Justin Charity of The Ringer wrote, "It's saucy and cute, which is to say, it's a sharp attitude adjustment for such a dreary rapper and refreshingly effective as such. Netflix's Entergalactic is a feature-length promotional complement to his latest album, but it's also a creative breakthrough in its own right." Rachel Ho of Exclaim! gave it a 8/10 rating, stating that "the story of Jabari and Meadow may be one we all know very well, but it's the world of Entergalactic that captures the imagination, sonically and visually."

Joshua Alston of Variety concluded with "what's available of Entergalactic is frequently intoxicating. Director Fletcher Moules doesn't miss a single opportunity to add beautifully animated flourishes to the script written by Mescudi, Ian Edelman, and Maurice Williams. There are sublime musical numbers, for lack of a better term, that let Mescudi's music breathe and crank the visuals to 11. But the shifts between Entergalactics spacy elements and its grounded moments aren't always smooth, another consequence of the series-to-special evolution. There's much to love about Mescudi's love story, except the fact that there isn't more of it to love."

=== Accolades ===

| Award | Date of ceremony | Category | Recipient(s) | Result | Ref. |
| Hollywood Music in Media Awards | November 16, 2022 | Original Song – TV Movie Streamed | "Willing to Trust" written by Kid Cudi, Ty Dolla Sign, Dot da Genius, Evan Mast, Rami Eadeh and Lenzo | Won |  |
| Critics Choice Celebration of Black Cinema and Television | December 5, 2022 | Groundbreaker Award | Scott Mescudi for Entergalactic | Won |  |
| NAACP Image Awards | February 22, 2023 | Outstanding Writing in a Television Movie or Special | Scott Mescudi, Ian Edelman, Maurice Williams | Won |  |
| Outstanding Soundtrack/Compilation Album | Entergalactic | Nominated |
| Annie Awards | February 25, 2023 | Outstanding Achievement for Character Animation in an Animated Television / Broadcast Production | Aziz Kocanaogullari | Nominated |  |
| Outstanding Achievement for Character Design in an Animated Television / Broadcast Production | Meybis Ruiz Cruz | Nominated |
| Black Reel Television Awards | June 15, 2023 | Outstanding Television Movie or Limited Series | Entergalactic | Nominated |  |
| Outstanding Musical Score | Dot Da Genius and Plain Pat | Nominated |
| Outstanding Original Song | "Angel" written by Kid Cudi, Jean Baptiste, Sadpony and Justin Raisen | Nominated |
| Primetime Emmy Awards | January 10, 2024 | Outstanding Animated Program | Entergalactic | Nominated |  |
| Outstanding Individual Achievement in Animation | Meybis Ruiz Cruz | Won |

==Future==
On October 1, 2022, Kid Cudi revealed via Twitter that while Entergalactic was "like a movie", its purpose was closer to that of a television pilot, revealing that he intended to produce "more seasons" ("hour and a half"-long films) making up an Entergalactic series, per the project's original announcement as being a television series.
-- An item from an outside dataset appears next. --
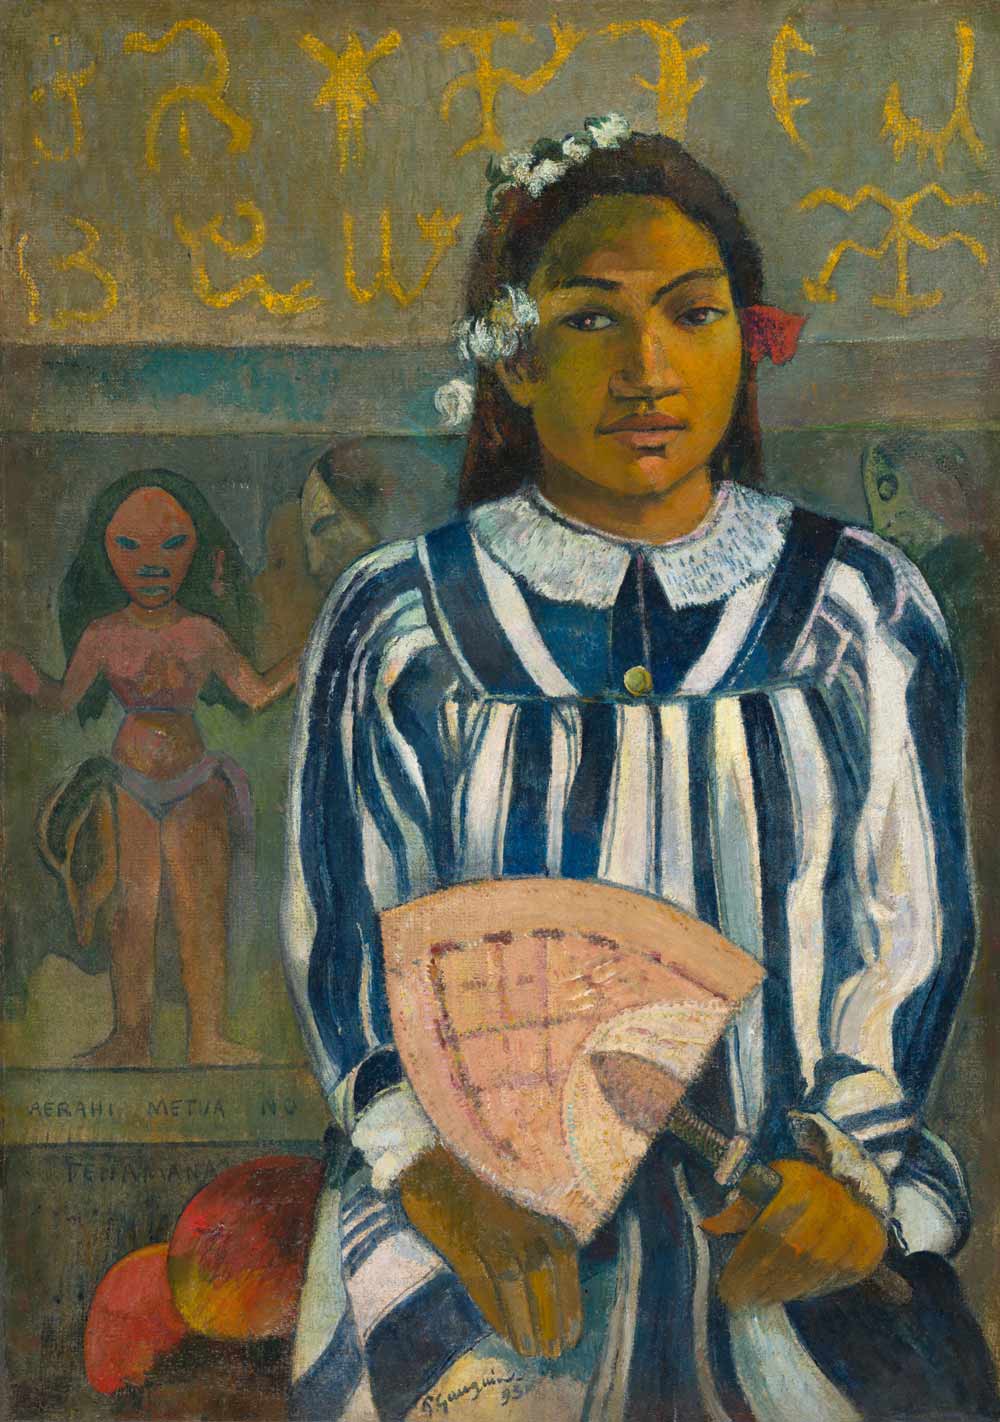 [K] Paul Gauguin - Merahi metua no Tehamana 1893

In December 2022, Cudi revealed that although Entergalactic is a standalone special, he is working on a new animated project. In July 2025, Cudi explained that he "asked [Netflix] multiple times about doing another season", but regardless of its critical acclaim and Emmy success, "they weren't into it" because "it didn't stream the way they expected".